The problem of course, is that it isn’t that simple.  In the social sciences, cross-cultural comparisons are very difficult, since you have to account for different norms, different demographics, entirely different institutional configurations, and a very different history.  And these problems are only compounded when you are trying to measure fairly ethereal things like religion and religiosity.  With regards the Wilcox’s essay, it simply isn’t enough to take the results of Gill and Lundsgaarde’s study and apply them to the United States.  I mean, circling around the welfare state as the explanatory factor for declining religiosity makes sense, but it ignores the critical impact of culture and history on any religious climate.

I’m clearly not a sociologist, but if I had to hazard a guess, it would be that an expanded welfare state will have a marginal impact on rates of religious attendance and belief in the United States.  Unlike Western Europe, which suffered through several centuries of a stifling, repressive central chuch followed by a century or two of vicious religious warfare, follwed again by several centures of a powerful church, the United States has had a relatively peaceful religious climate, and more importantly, an extraordinarily vibrant and diverse religious atmosphere.  We live in a marketplace of religious ideas, and religious denominations of all shapes and sizes compete vigorously for the attention of American believers.

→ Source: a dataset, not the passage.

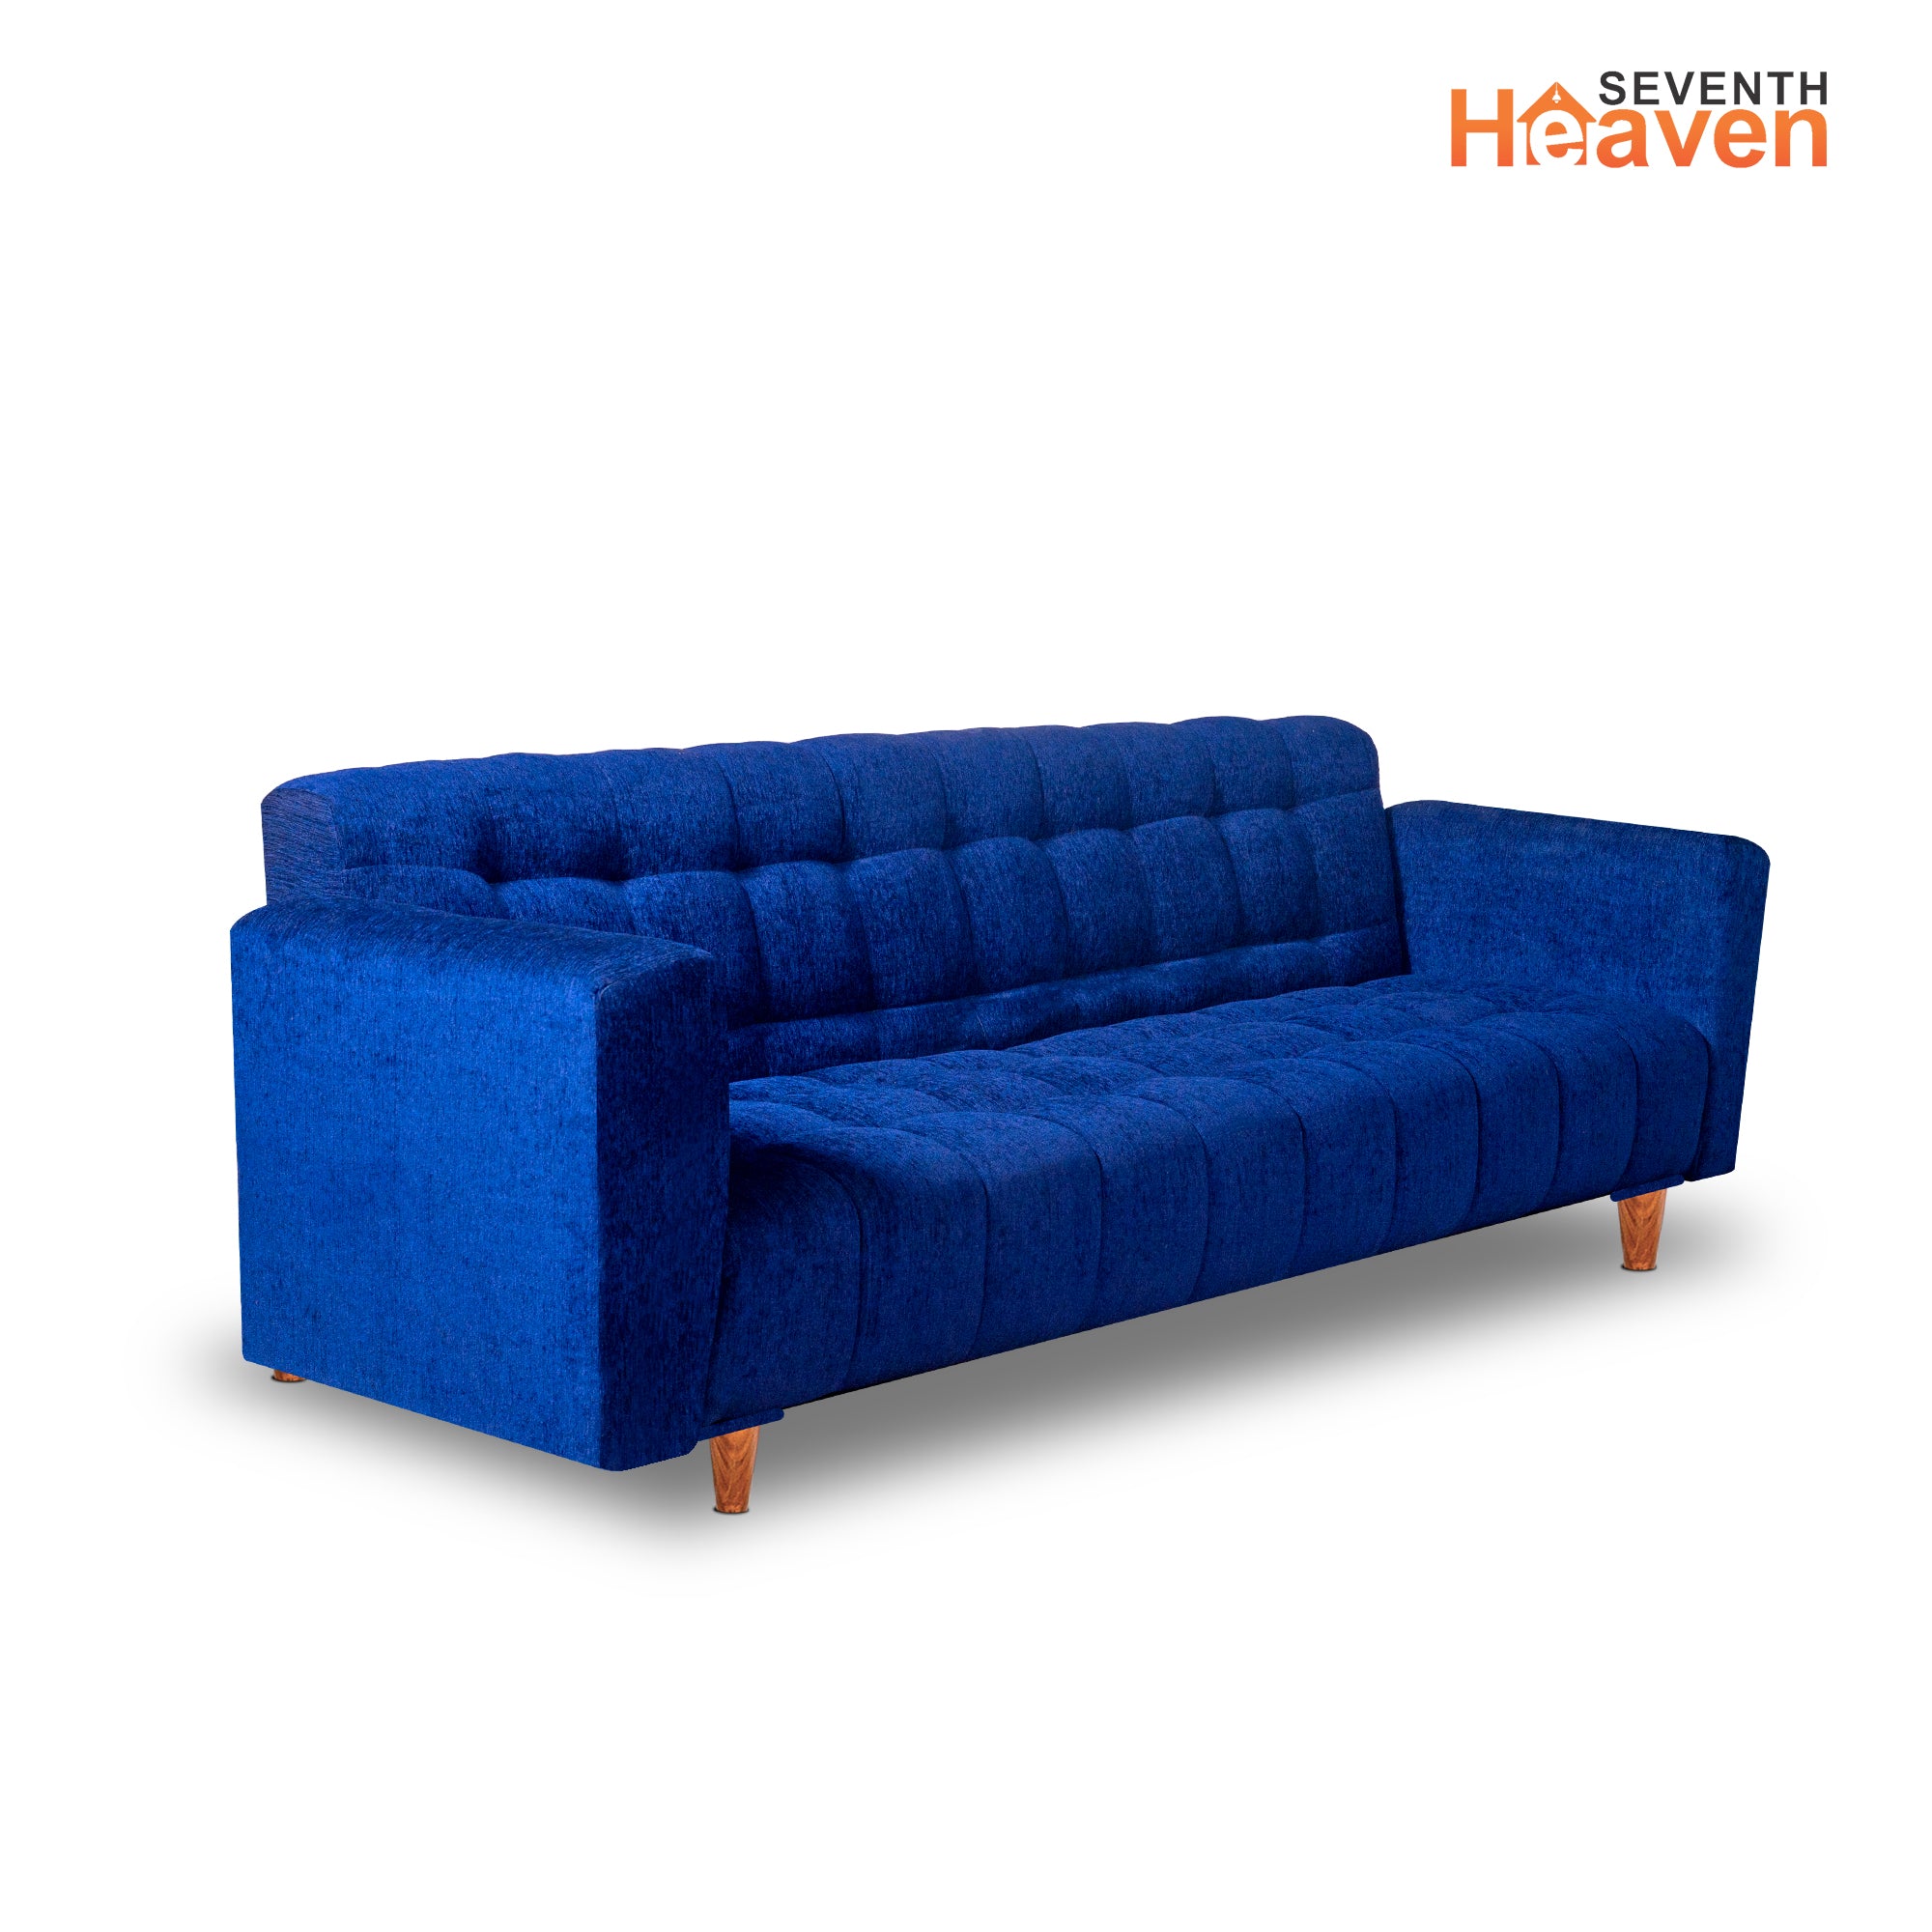 Seventh Heaven 4 Seater Wooden Sofa cum Bed, Chenille Molfino Fabric 72x36x16: 3 Year Warranty 4 Seater Single Solid Wood Pull Out Sofa Cum Bed  (Finish Color - Blue Delivery Condition - DIY(Do-It-Yourself))
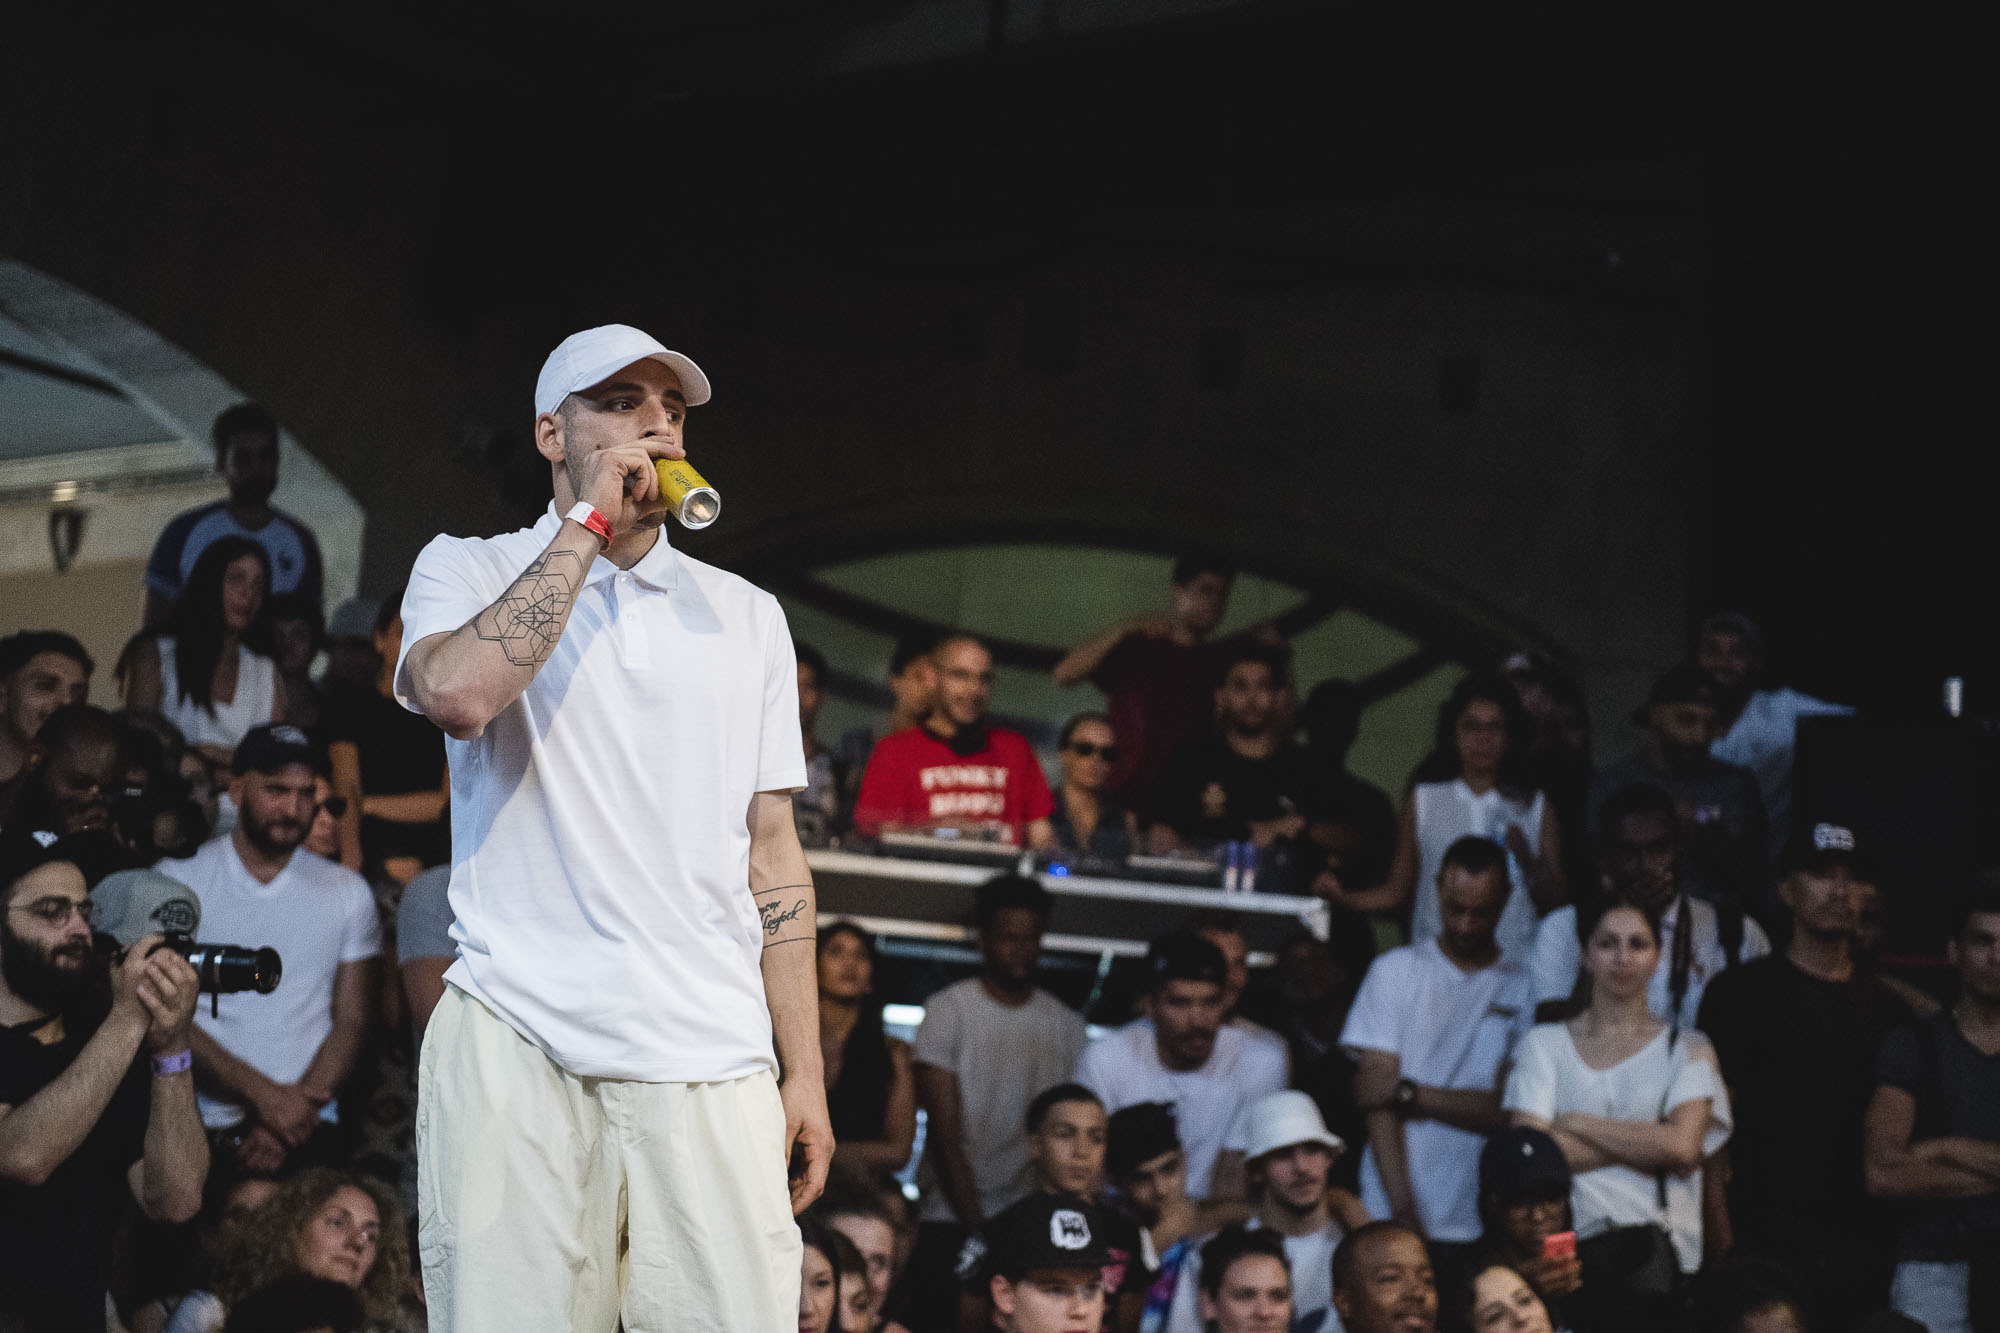 Fenix Just Before the quarter final at the WIP Villette during the Red Bull BC One France Cypher Final in Paris, France on July 10th 2016.

This means two things for American religion: first that Americans are not on the whole hostile to religion or its effects, and second, that American religion is always moving and never stagnant.  The oppositie is true in Western Europe; there are many fewer religious denominations (I think the Catholic Church remains the largest), and those that exist have stagnated for decades.  If the presence of a welfare state has an impact on religious belief, it is only compounded by the state of European religion, and vice versa, mitigated by the state of American religion.  And what’s more, for many communities in the United States —  I’m thinking of Southern whites and African-Americans in particular — religion plays a huge part in civic life, and I doubt that will change even if the government’s reach is (barely) extended.

(h/t to Dmitry)

(cross-posted from U.S. of J.)

Jamelle

Jamelle Bouie is a writer for Slate. He has also written for The Daily Beast, The American Prospect and The Nation. His work centers on politics, race, and the intersection of the two.

You can find him on Twitter, Flickr, and Instagram as jbouie.
  • quadmoniker

    I’m not sure what Wilcox thinks we should do, either? Ensure a certain amount of human suffering so that religion can thrive? That doesn’t seem very religious. And I think we all know what Marx would say here, that people in states that have their most basic needs taken care of are actually able to see religion for what it is.

  • Grump

    I think the problem is how people see religion. is it a means to live better, than being a citizen in a welfare state would go in line with your belief system. However, if people see religion in a limited view as though it is a means for only getting out of tight jams, then we have a problem.

  • Can Wilcox prove that there is a correlation between religiosity and “maintaining the “moral fabric of families and civic institutions”? This seems inherently unquantifiable/immeasurable to me.